Constituent countries 
The Kingdom of the Netherlands consists of four constituent countries: the Netherlands, Aruba, Curaçao, and Sint Maarten. There is a difference between the Kingdom of the Netherlands and the Netherlands: the Kingdom of the Netherlands is the comprehensive sovereign state, while the Netherlands is one of its four constituent countries. Three Caribbean islands (Aruba, Curaçao, and Sint Maarten) are the three remaining constituent countries. Three other Caribbean islands (Bonaire, Sint Eustatius, and Saba) are special municipalities within the country of the Netherlands. Until its dissolution in 2010, the islands had formed the Netherlands Antilles, with the exception of Aruba, which left the grouping in 1986.

Comparison table

Netherlands 

The Netherlands is a representative parliamentary democracy organised as a unitary state. Its administration consists of the Monarch and the Council of Ministers, which is headed by a Prime Minister (currently Mark Rutte). The people are represented by the States General of the Netherlands, which consists of a House of Representatives and a Senate. The Netherlands is divided into 12 provinces: Drenthe, Flevoland, Friesland, Gelderland, Groningen, Limburg, North Brabant, North Holland, Overijssel, South Holland, Utrecht and Zeeland. The provinces are divided into municipalities. The Netherlands has the euro as its currency, except in the special municipalities of the Caribbean Netherlands (BES islands), where the Netherlands Antillean guilder was replaced by the U.S. dollar in 2011.

Bonaire, Sint Eustatius, and Saba 
The special municipalities of Bonaire, Sint Eustatius, and Saba (referred to as Caribbean Netherlands or BES islands) are part of the Netherlands proper but are not part of any province. They resemble ordinary Dutch municipalities in most ways (with a mayor, aldermen, and a municipal council, for example) and are subject to the ordinary Dutch legislative process. Residents of these three islands are also able to vote in Dutch national and European elections. There are, however, some derogations for these islands. Social security, for example, is not on the same level as it is in the Netherlands proper. In November 2008 it was decided to introduce the U.S. dollar in the three islands. The date of introduction was 1 January 2011. The Netherlands carries the risk of exchange rate fluctuations regarding cash flows between the state and the islands.

Aruba 
Aruba, with its own constitution, is a representative parliamentary democracy organised as a unitary state. Its administration consists of the Governor, who represents the Monarch, and the (Aruban) Council of Ministers, headed by a Prime Minister.
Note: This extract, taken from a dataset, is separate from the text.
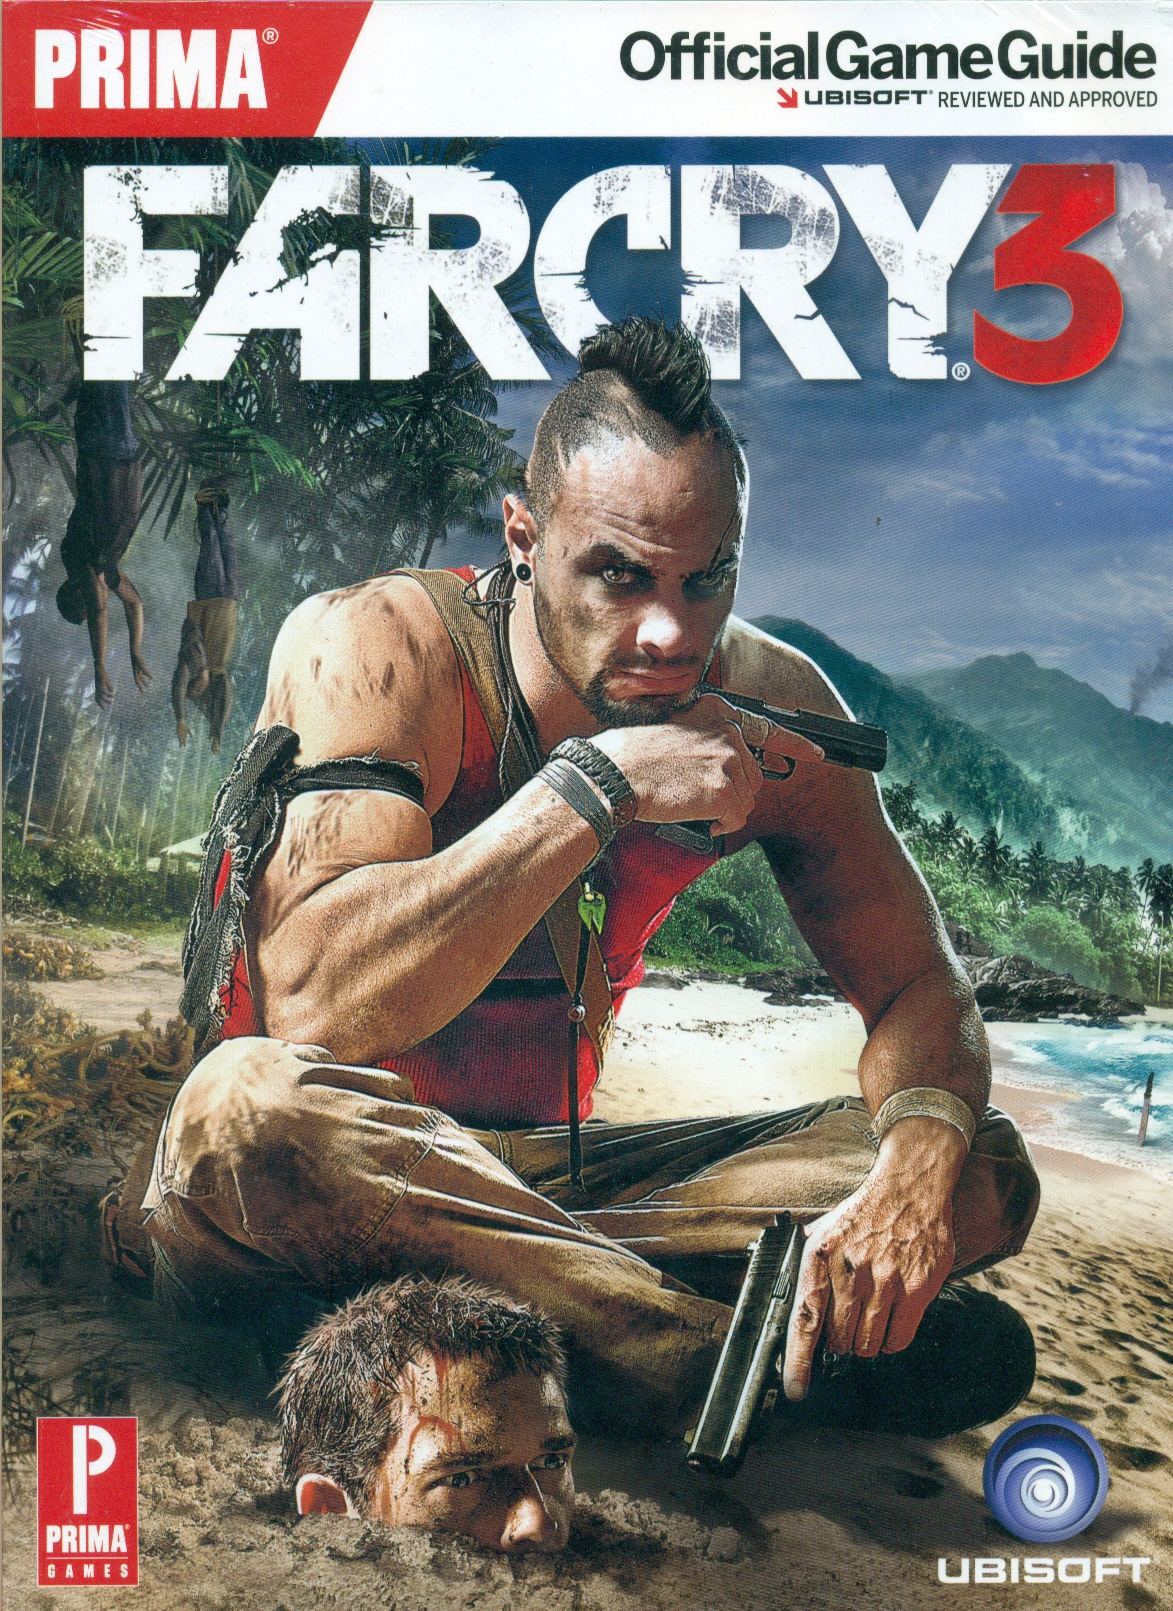 Far Cry 2 Guide

The sovereign people of Aruba are represented by 21 parliamentarians in the Parliament of Aruba. The Governor of Aruba is Alfonso Boekhoudt, and the Prime Minister is Evelyn Wever-Croes. It has its own Central Bank and currency, the Aruban florin, linked to the U.S. dollar; the U.S. dollar is accepted almost everywhere on the island. Aruba has two official languages: its own national language Papiamento and the Kingdom of the Netherlands' Dutch language.

Curaçao 

Curaçao is a centralised unitary state, with similar administrative characteristics to Aruba. It has the Netherlands Antillean guilder as its currency.

Sint Maarten 
Sint Maarten is a centralised unitary state, with similar administrative characteristics to Aruba. It has the Antillean Guilder as its currency. Unlike the other Dutch Caribbean countries and special municipalities, Sint Maarten covers only part of an island. It consists of roughly the southern half of the divided island of Saint Martin. The northern half of the island is the French Collectivity of Saint Martin.

Institutions

Charter and constitutions 
Aruba, Curaçao, and Sint Maarten regulate the governance of their respective countries, but are subordinate to the Charter for the Kingdom of the Netherlands. The Netherlands is ruled by the provisions and institutions of the Constitution for the Kingdom of the Netherlands that also constitutes and regulates the institutions of the Kingdom that are mentioned in the Charter. The Constitution is also subordinate to the Charter. The provisions in the Charter for some of these institutions are additional and are applicable only for those affairs of the Kingdom, as described in the Charter, when they affect Aruba, Curaçao, or Sint Maarten directly. In cases where affairs of the Kingdom do not affect Aruba, Curaçao, or Sint Maarten, they are dealt with according to the provisions laid down in the Constitution. In these cases the Netherlands, the jurisdiction ruled directly by the Constitution for the Kingdom of the Netherlands, acts alone, according to its constitution and in its capacity as the Kingdom of the Netherlands. The other three countries cannot do the same for affairs of the Kingdom that only pertain to them and not to the Netherlands proper. In these cases, the provisions of the Charter prevail.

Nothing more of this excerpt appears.